2. The socket of claim 1, wherein each terminal brick supports two
terminals.
3. The socket of claim 2, wherein the two terminal are configured
so that they are closer to each other than either terminal is to an
adjacent terminal.
4. The socket of claim 3, further comprising a shield configured to
provide electrical isolation between a first pair of terminals and
a second pair of terminals.
5. The socket of claim 1 wherein each terminal brick supports two
terminals and the bodies of the two terminals are offset toward
each other compared to the tails of the two terminals.
6. The socket of claim 1, wherein one of the housing and a terminal
brick includes a conductive layer that is configured to decrease
cross-talk between two pairs of terminals.
7. The socket of claim 6, wherein the housing is partially formed
of a conductive plastic.
8. The socket of claim 6, wherein one side of a terminal brick
includes a conductive layer.
9. The socket of claim 6, wherein both the housing and the terminal
brick includes conductive layers that collective provides
cross-talk shielding between a first and second pair of
terminals.
10. A socket, comprising: a housing with a first and second side
and a plurality of apertures extending from the first side to the
second side; and a plurality of terminal bricks inserted into the
apertures, each terminal brick including a support block that
supports a first and second terminal, wherein the terminal bricks
are inserted into the apertures to provide for a desired level of
coplanarity and wherein each of the terminals includes a tail
extending from the second side and an arm extending from the
aperture on the first side, the arm supporting a contact.
11. The socket of claim 10, wherein the arm extends transversely to
a direction aligned with the aperture such that the contact is more
closely aligned with a body of an adjacent terminal than the body
of the supporting terminal.
12. The socket of claim 10, wherein the terminal bricks are
configured to be inserted into the apertures with an interference
fit.
13. The socket of claim 12, wherein the housing does not include a
stop feature.
14. The socket of claim 10, wherein one of the housing and a
terminal brick includes a conductive layer that is configured to
decrease cross-talk between two pairs of terminals.
15. The socket of claim 10, wherein a portion of the housing is
formed of a conductive plastic.
16. The socket of claim 10, wherein both the housing and a terminal
brick includes a conductive layer that is configured to decrease
cross-talk between two pairs of terminals.
17. The socket of claim 10, wherein the tails are configured to be
press-fit into a via.
18. The socket of claim 10, wherein a substantial portion of the
body of the first terminal is positioned closer to the body of the
second terminal than it is to the body of any adjacent terminal.
Description
RELATED APPLICATIONS
[0001] This application claims priority to U.S. Provisional
Application No. 61/448,517, filed Mar. 2, 2011, which is
incorporated herein by reference in its entirety.
FIELD OF THE INVENTION
[0002] The present invention relates the field of connectors, more
specifically to the field of connector suitable for use in socket
applications.
DESCRIPTION OF RELATED ART
[0003] Socket connectors, such as those connectors that are
typically used for mounting a central processing unit (CPU) package
to a circuit board, are known.
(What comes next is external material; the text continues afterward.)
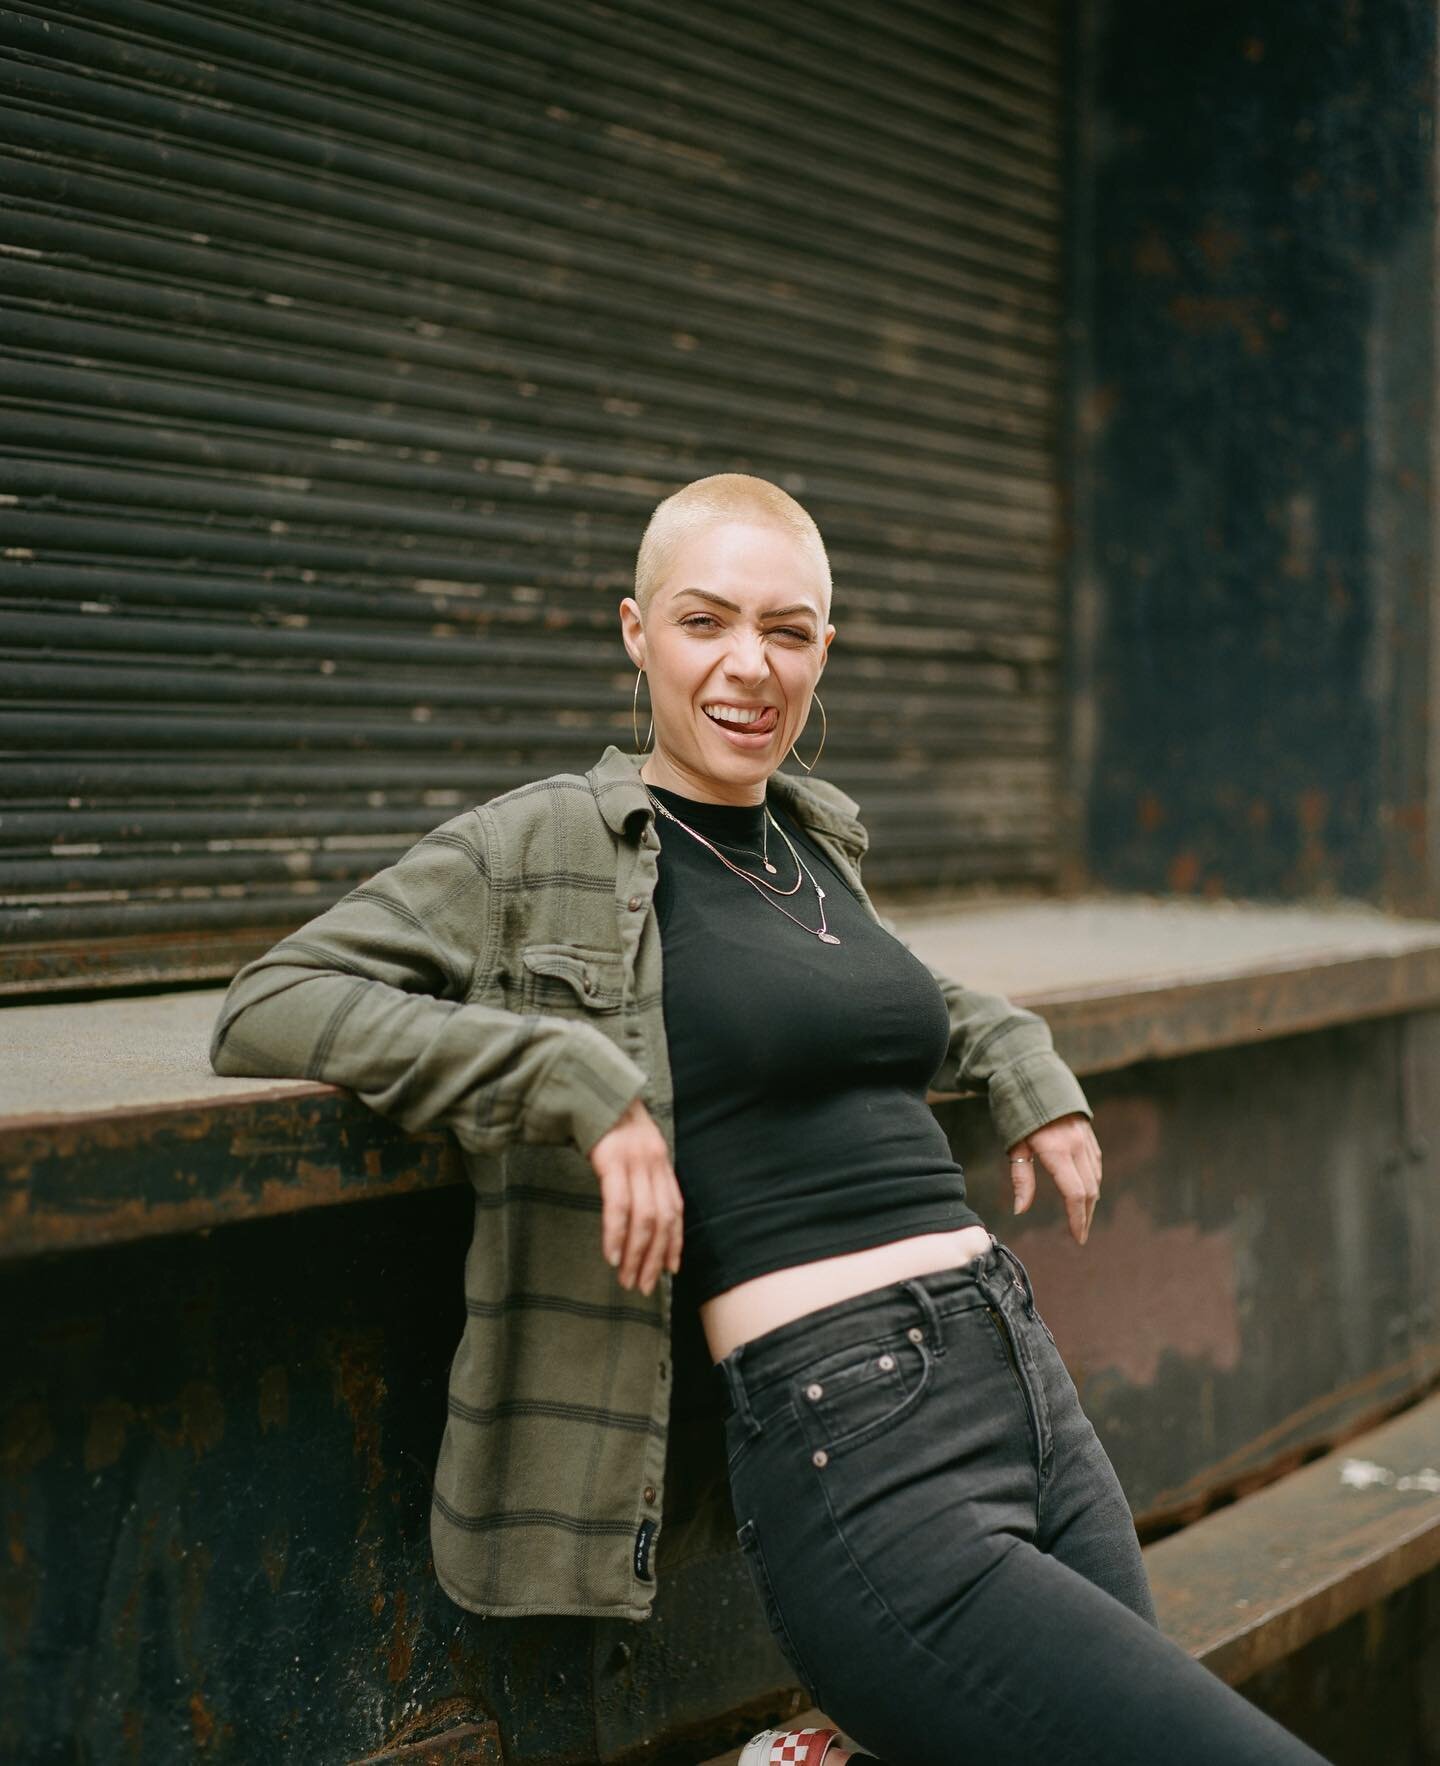 A recent portrait session I did with Nacole after this badass decided to buzz her head. It was so fun just playing. Shooting with the Pentax 67 on 120 film is just a dream.

Always looking to create. I have been wanting to build a curated look on IG

Typically the socket connector
includes a frame with an array of apertures and the apertures can
each support a terminal. The terminal typically has a tail that is
configured to be mounted via a surface mount technology (SMT)
attach to a circuit board that is positioned on a first side of the
frame and the terminal has a contact portion that is accessible on
a second side of the frame for engaging a mating structure (such as
a CPU package). Because of a desire to control the position of the
terminal in the frame, the terminal tends to have a large body
portion that can be pressed into the aperture of the frame. Because
of the desire for a large number of communication lanes, a large
number of terminals are often provided in a relatively small
area.
[0004] Socket connectors tend to be configured for one of two basic
constructions, pin grid array (PGA) and land grid array (LGA). A
socket configured to function with a PGA package is configured to
receive pins provided on a mating surface of the CPU package. One
issue with this configuration is that the pins on the PGA CPU
package can be damaged and because the CPU is typically the most
expensive part of the assembly, this makes the high value portion
of the final assembly undesirably susceptible to damage during
installation. In addition, if a zero insertion force (ZIF)
connection is desired, the terminals have to be sized to allow the
pins from the CPU to be inserted into a first position and then
translated into a second position that causes the pins to engage
the terminals, thus requiring larger terminals.
[0005] To avoid some of the problems provided by the PGA design,
the LGA package configuration uses a pad on the mating surface of
the CPU package and the socket terminals that engage the pads have
a flexible arm that is configured to contact the pads. The LGA
package can thus be placed gently on the terminals and then
translated downward so that a reliable electrical connection takes
place between the terminal arm and the pad on the CPU. However,
because the terminal in the socket must still be inserted into an
aperture from above due to the contact and flexible arm extending
out away from the aperture and the fact that the tail of the LGA
terminal tends to be configured so as to be SMT attached via a
solder ball, the LGA terminal tends to have a large body portion
that can securely support the terminal in the aperture.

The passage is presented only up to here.